Потом рассказывали мне, что здесь завинчивают несознающегося в особые колодки и заставляют падать ему на голову с высоты капли холодной воды. Сначала это бывает ничего, но затем человеку становится все мучительнее и мучительнее. Капли начинают наконец казаться ему ударами тяжелого молота, которые тем невыносимее, что каждую каплю уже ожидаешь заранее как раз в данный момент. Человек, — говорили мне, — сходит с ума после суток такого испытания.
«Будут ли здесь сечь и меня? — приходил в мою голову вопрос. — Посадят ли в такой мешок? Будут ли капать на голову, когда я откажусь от всяких показаний?»
«Надо быть теперь ко всему готовым, — отвечал я сам себе, — и надо все вынести до конца».
Я знаю, что для современного читателя все мои описанные здесь опасения и мысли покажутся очень наивными.
— В наших политических темницах, — скажет он, — действительно и секли, и пытали, но только пытки применяли моральные, а из физических — большею частью медленно разрушающие тело человека, а не средневековые изобретения вроде ожидавшихся мною.
Но я отвечу читателю: примите во внимание, что время, которое я теперь описываю, было совсем иное...
Вот почему не было ничего удивительного и в моих предположениях. Ведь я даже не думал, как мои сверстники, что меня будут пытать ни с того, ни с сего. Я только знал, что мои враги беспощадны, что для них необходимо заставить заключенных говорить им правду, так как иначе как же они откроют их свободных товарищей? Поэтому и я, как решивший с самого начала отказаться от показаний или во всяком случае не говорить ни слова истины, имел полное право по тогдашним представлениям о Третьем отделении ожидать от него всевозможных жестоких истязаний.
И я их серьезно ожидал для себя в ближайшем будущем и серьезно готовился их встретить.
«А может быть, — подумалось мне (и это была реакция против предыдущего пессимистического настроения), — сюда уже проник под видом одного из виденных мною служителей кто-нибудь из членов нашего общества и освободит в эту же ночь меня и других моих здешних товарищей от заключения? Может быть, я сам найду возможность вылезть через трубу в печке? Может быть, могу, разорвав свою простыню на полосы, спуститься на них из окна? Надо сейчас же все осмотреть и получше ориентироваться в окружающем».
Я подошел к двери. В ней находилось четырехугольное окошечко величиной с маленькую книжку. В нем было вставлено стекло, а за стеклом висел картонный клапан.
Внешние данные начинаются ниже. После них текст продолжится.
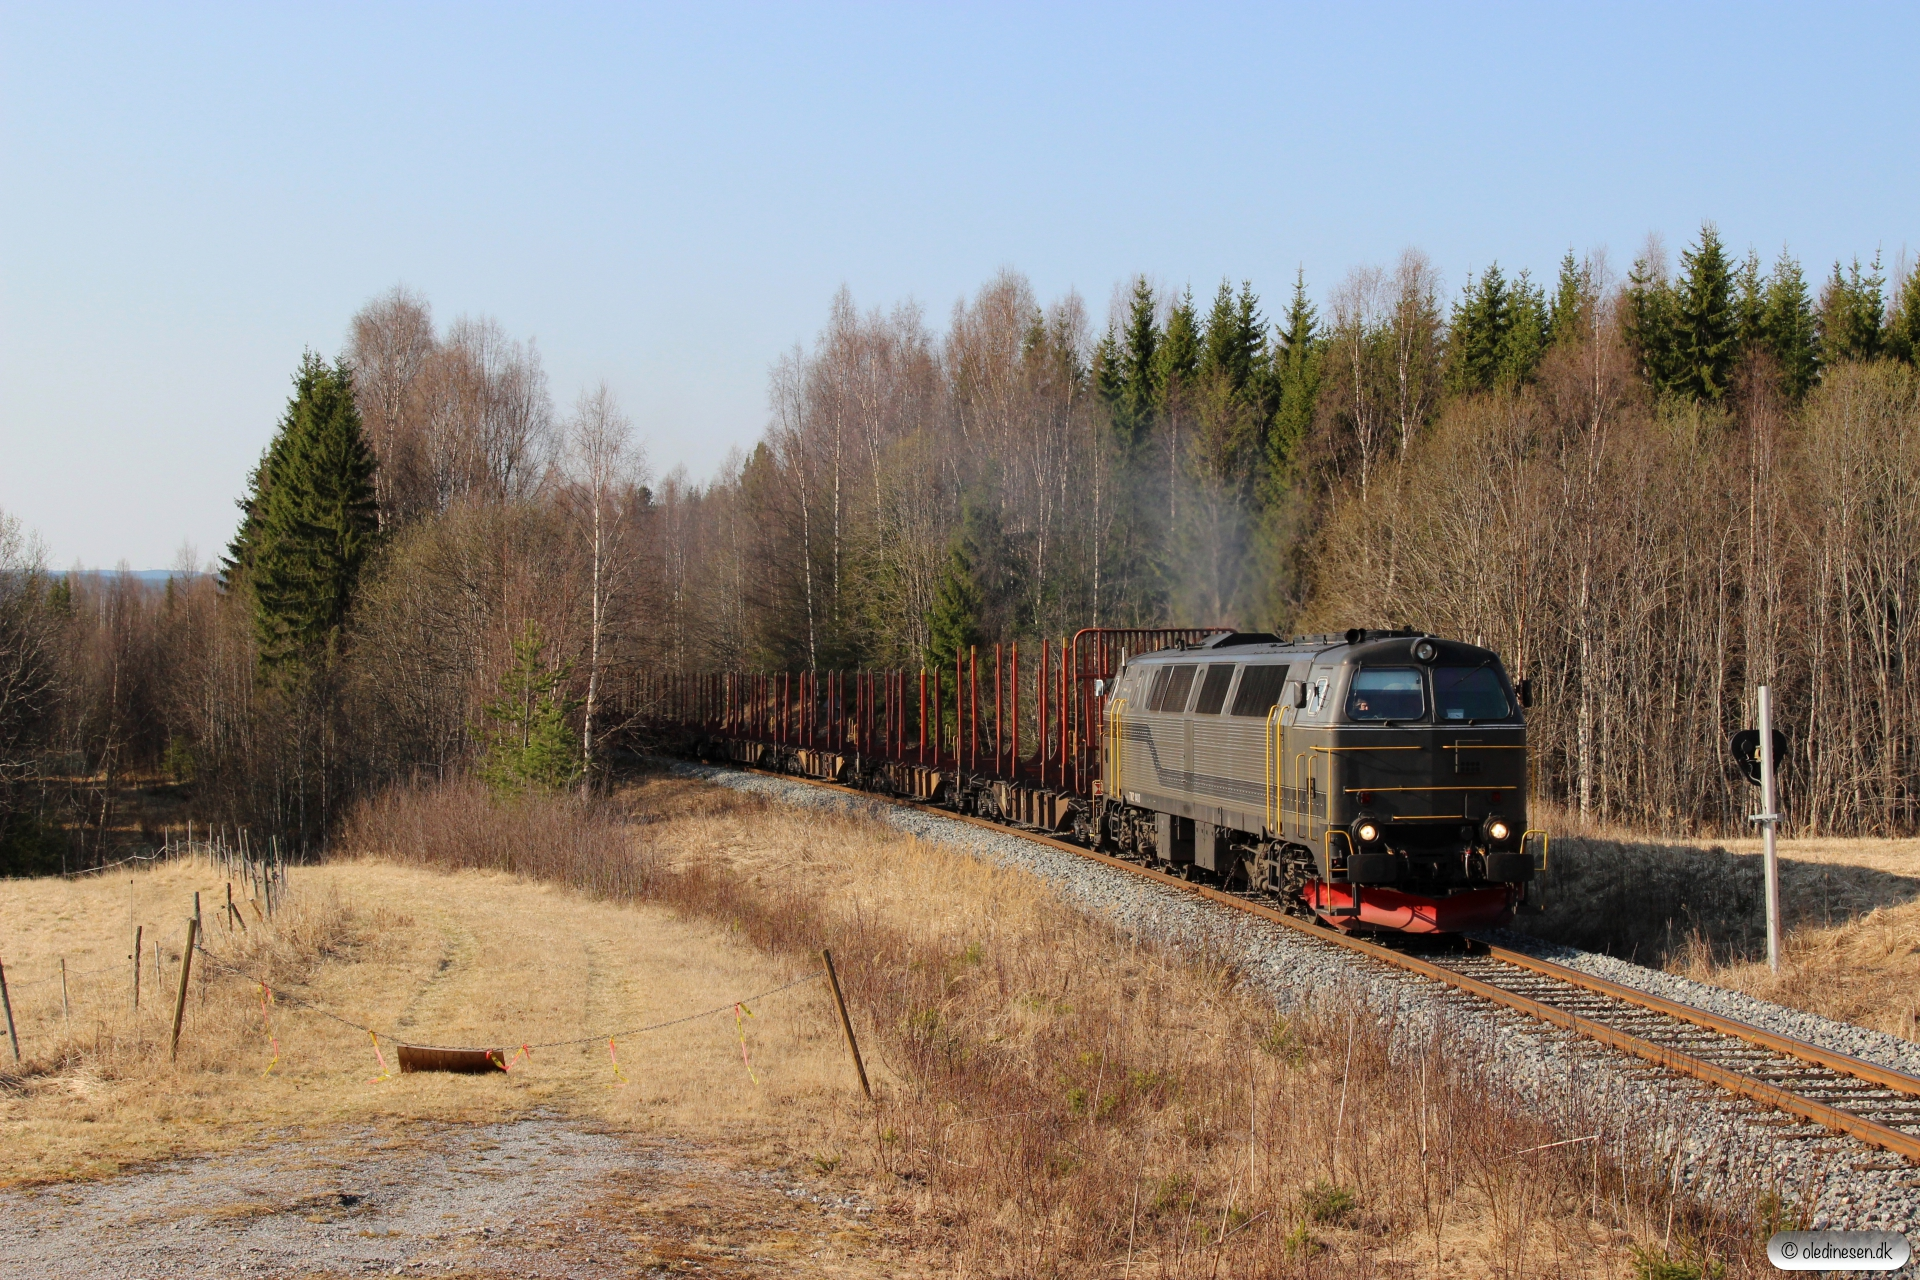 BLSR TMZ 1403 med GT 46192. Forsmo - Ådalsliden 04.05.2016.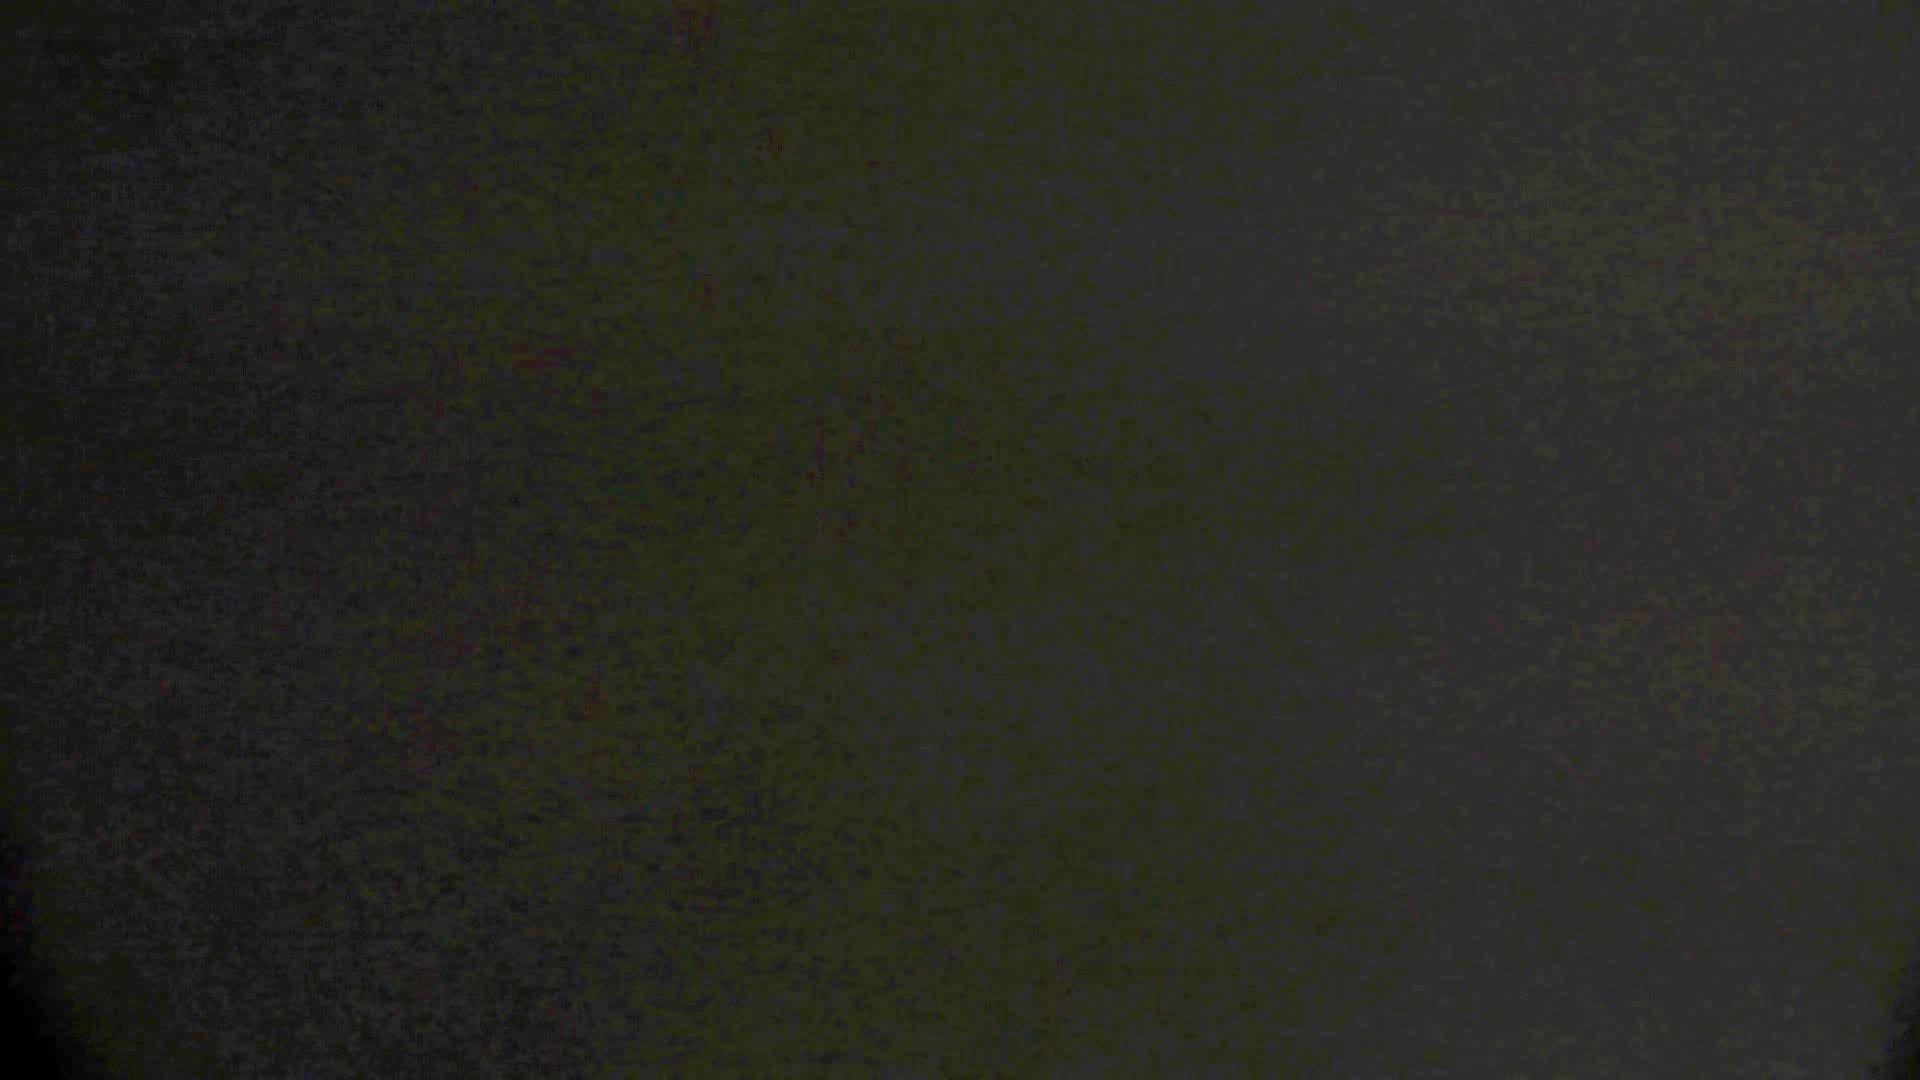 洗面所特攻隊 vol.74 last 2総勢16名激撮【2015・29位】 お姉さん  95PIX 28

Ничего не было видно из-за него, как я ни пробовал заглянуть вбок.
Постояв немного и не слыша ничего за дверью, кроме мерных шагов жандармского солдата-часового, побрякивавшего при каждом шаге своими шпорами, я подошел к печи и посмотрел в нее.
Она была обыкновенная голландская и лишь сейчас вытопленная. Влезть в ее глубину было можно, но далеко ли? Достаточно ли широка ее труба? Труба еще не была закрыта. Заслонки лежали на полу у печки и показывали мне своими диаметрами ширину их отверстия, через которое пришлось бы пролезть. Увы, — отверстие моей печной трубы оказалось по их виду меньше внутренней части обыкновенной глубокой тарелки! Моя голова не прошла бы в такую небольшую круглую дыру.
Разочарованный, я подошел к окну.
В нем были двойные рамы, и в них большая форточка.
Я отворил ее. Свежий воздух со двора пахнул мне сразу в лицо.
Слыша, что часовой еще ходит по коридору, я быстро поднялся на стул и просунул в нее голову. Передо мною внизу был тот самый двор, в который меня привезли, и мое окно было в самом его углу.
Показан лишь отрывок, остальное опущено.